Nachmittags gegen 14.15 Uhr fährt der Bus zurück ins Theater. Dort werden wir nun mit den balinesischen Masken bekannt gemacht, packen alle aus und legen sie auf den Tisch. Serge bittet uns, nun jede Maske kennenzulernen. Dabei wird es schrill und laut, Tiergeräusche und nicht näher definiertes Brummen und Brabbeln erfüllen die Bühne. Da zeigen sie sich nun endlich: die Schauspieler.
Es wird viel improvisiert. Musik begleitet sehr oft die Szenerie und es muss viel gewagt werden, um den unterschiedlichen Masken Leben einzuhauchen. Dazu bedarf es einer hohen Körperspannung und eines unbedingten Willens, der Maske "zu dienen". Die tägliche Hitze ist uns dabei ein steter Begleiter.
Abends entdecken wir die beste Bar im Dorf (es gibt auch nur zwei zur Auswahl). Ein frisch gemixter Mojito, mit handgeschlagenem Eis und Minze aus dem Garten entlohnt für den anstrengenden Tag. Und das alles auch noch unter fantastischem Sternenhimmel bei lauwarmen Temperaturen, Milky Way inclusive.
In den nächsten Tagen intensivieren wir die Arbeit und gehen jedes Mal ein kleines Stückchen weiter. Wir proben an Szenen aus Ibsens Peer Gynt und entdecken unsere Version von Lost in Translation. Englisch zu sprechen ist nämlich ein sehr dehnbarer Begriff und deshalb entscheiden wir uns für einen kunterbunten Sprachenmix: wir spielen Szenen auf Deutsch, Spanisch, Französisch, Chinesisch, Finnisch und Polnisch. Unsere Gehirne arbeiten auf höchster Taktung daran, das Gesprochene richtig einzuordnen.
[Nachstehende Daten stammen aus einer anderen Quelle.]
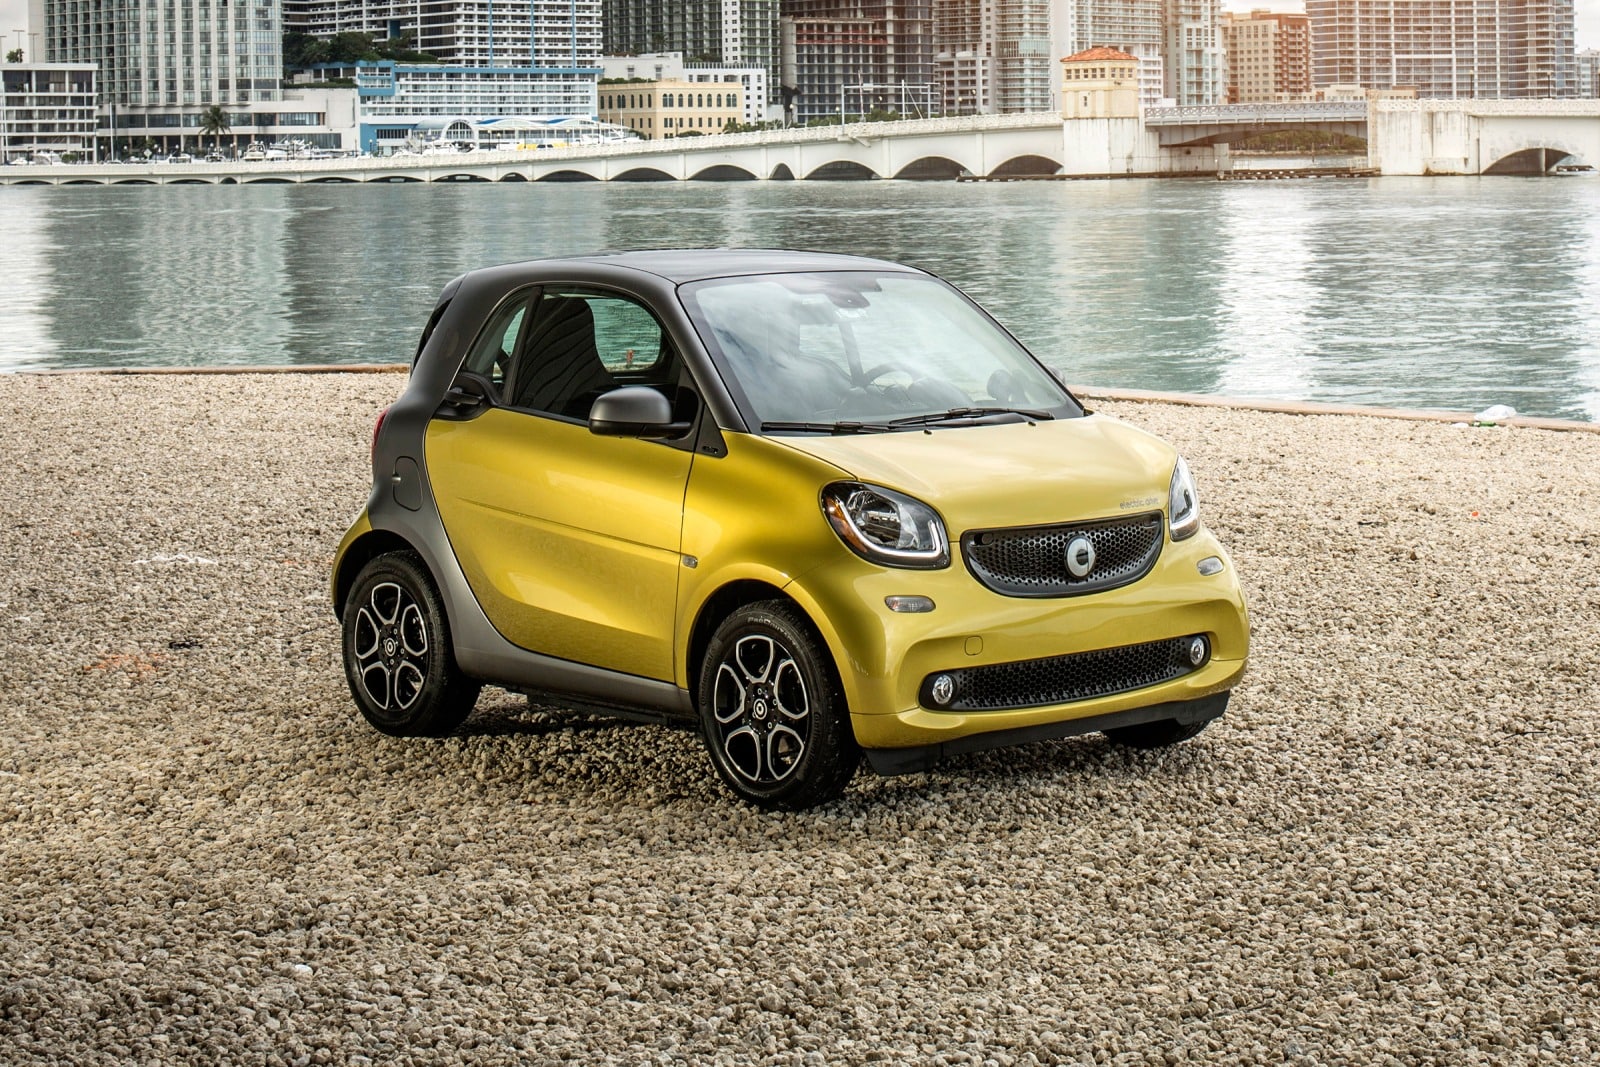 2017 smart fortwo Review & Ratings | Edmunds

Die Ohren lauern mit Höchstspannung auf ihr "Stichwort" und manchmal verschlägt es einem dann doch die Sprache.
Viel Lachen, die eine oder andere Träne und literweise Schweiß stecken in unserer kleinen einstündigen Abschlusspräsentation. Nach dreizehn spannenden Tagen geht ein lehrreicher Workshop auf Korsika zu Ende. Mit Mojitos, Masken und Mut.